⟨

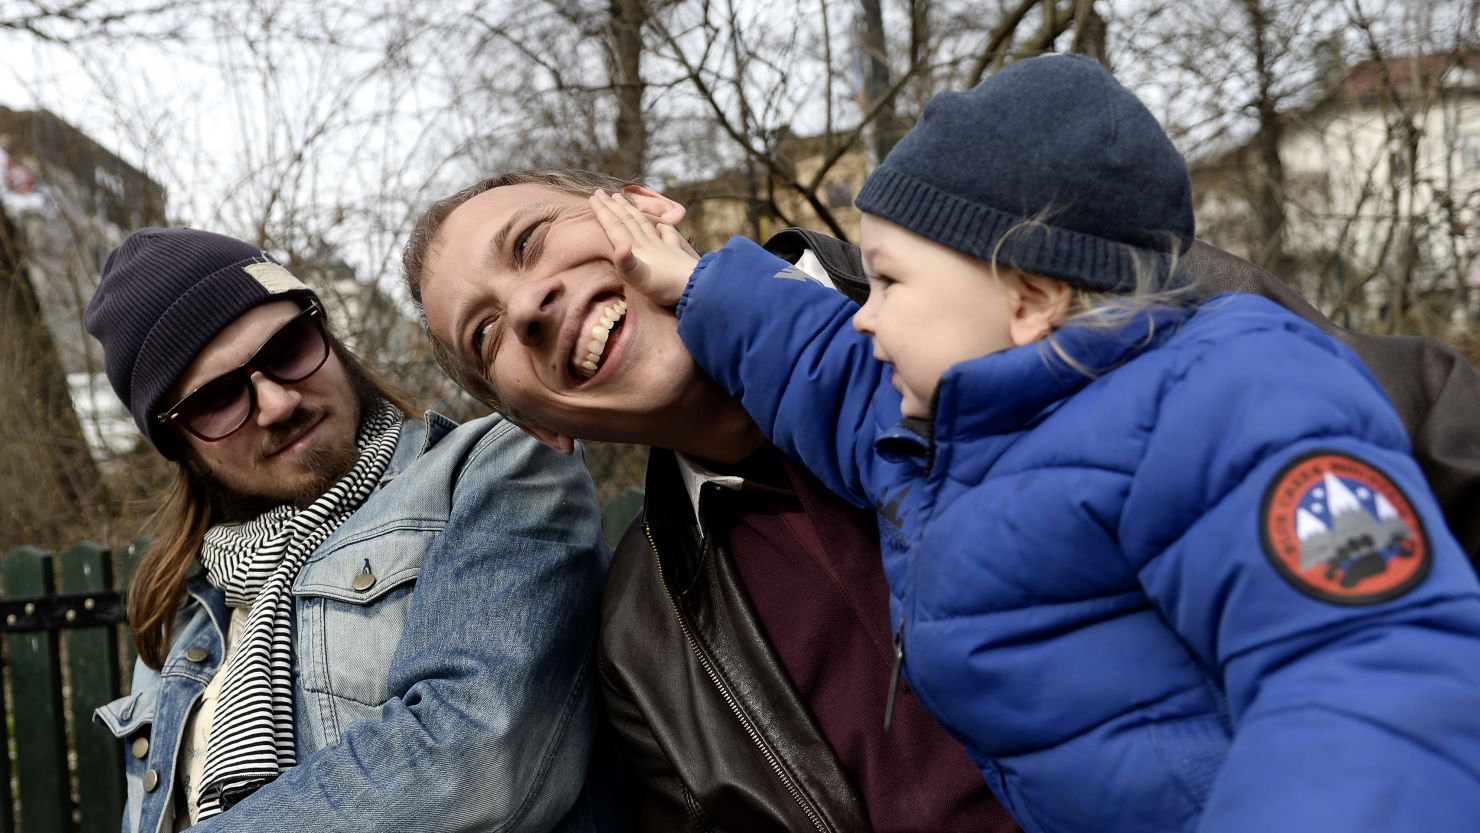 Anders Veide looks on as his friend Set Moklint plays with his son Wilhelm during a paternity leave outing at a park in Stockholm on April 24, 2013.
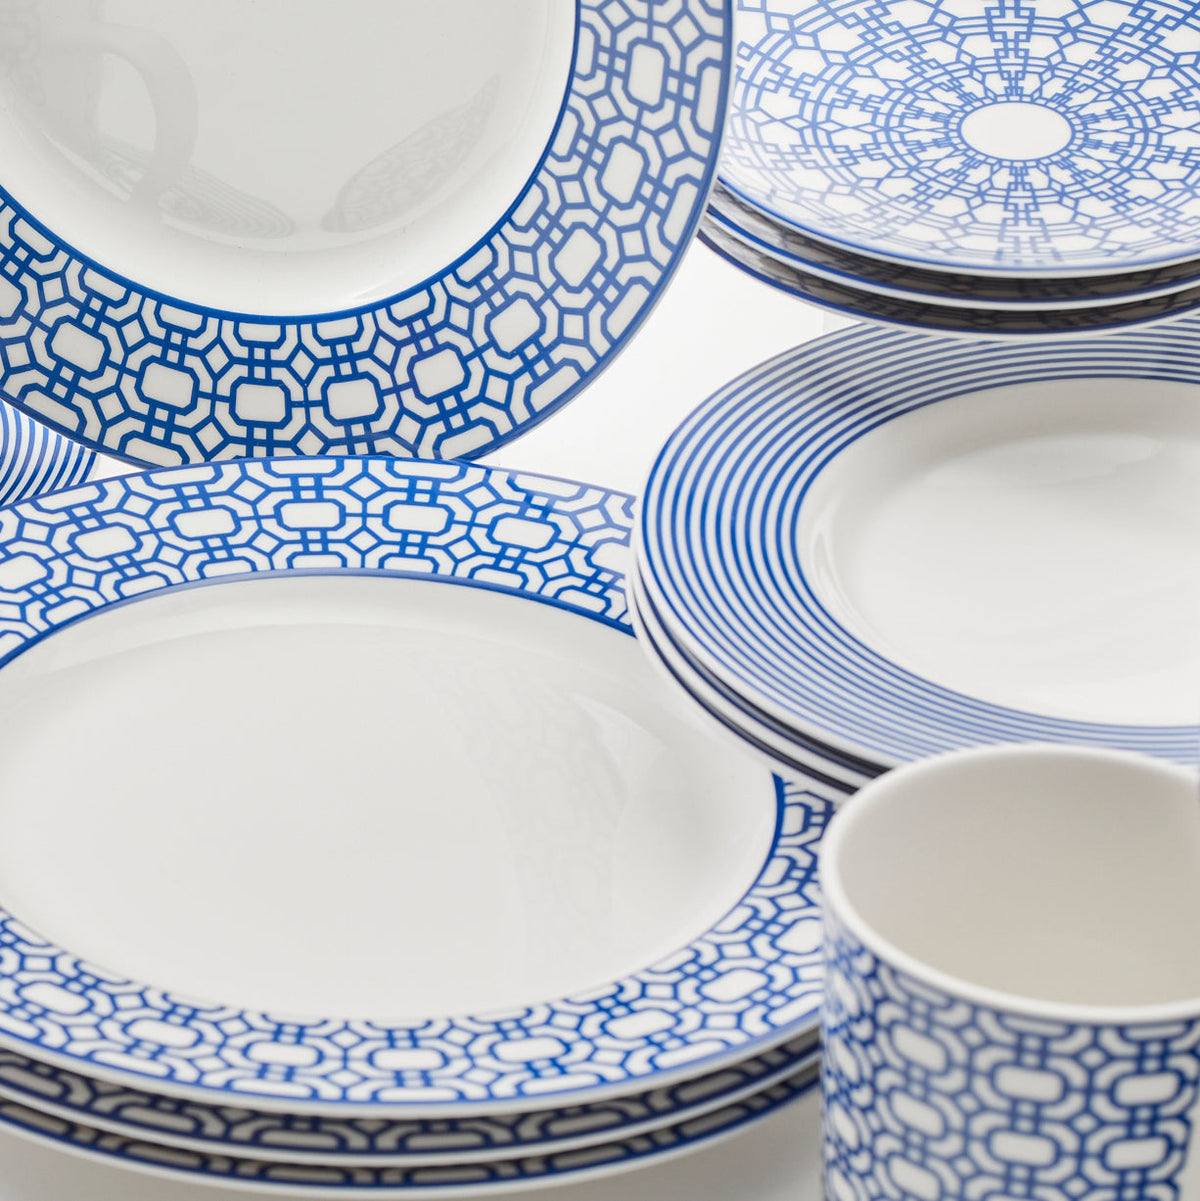 A Caskata Newport Garden Gate Table for 4, perfect for any dinnerware collection. The set of blue and white plates and cups is not only stylish but also practical, as it is microwave and dishwasher safe.
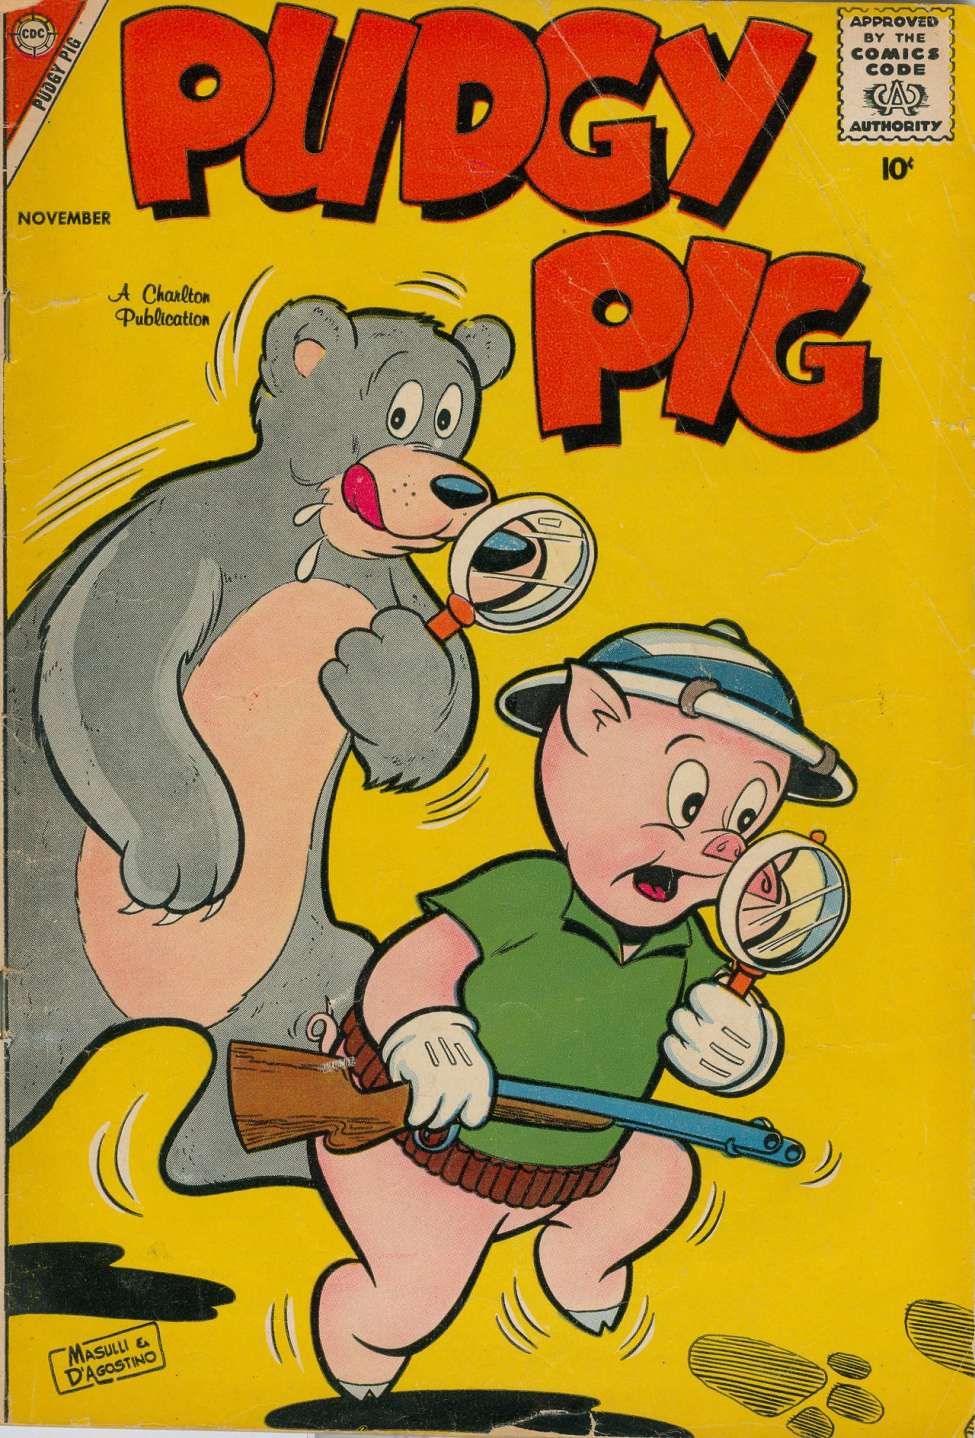 Book Cover For Pudgy Pig 2

⟩

The task ▸
Write out the line that contains "A Caskata Newport" and every line after it to the end of the data, exactly as they stand. Omit the pictures.

Exercise response ▸
 A Caskata Newport Garden Gate Table for 4, perfect for any dinnerware collection. The set of blue and white plates and cups is not only stylish but also practical, as it is microwave and dishwasher safe.
 Book Cover For Pudgy Pig 2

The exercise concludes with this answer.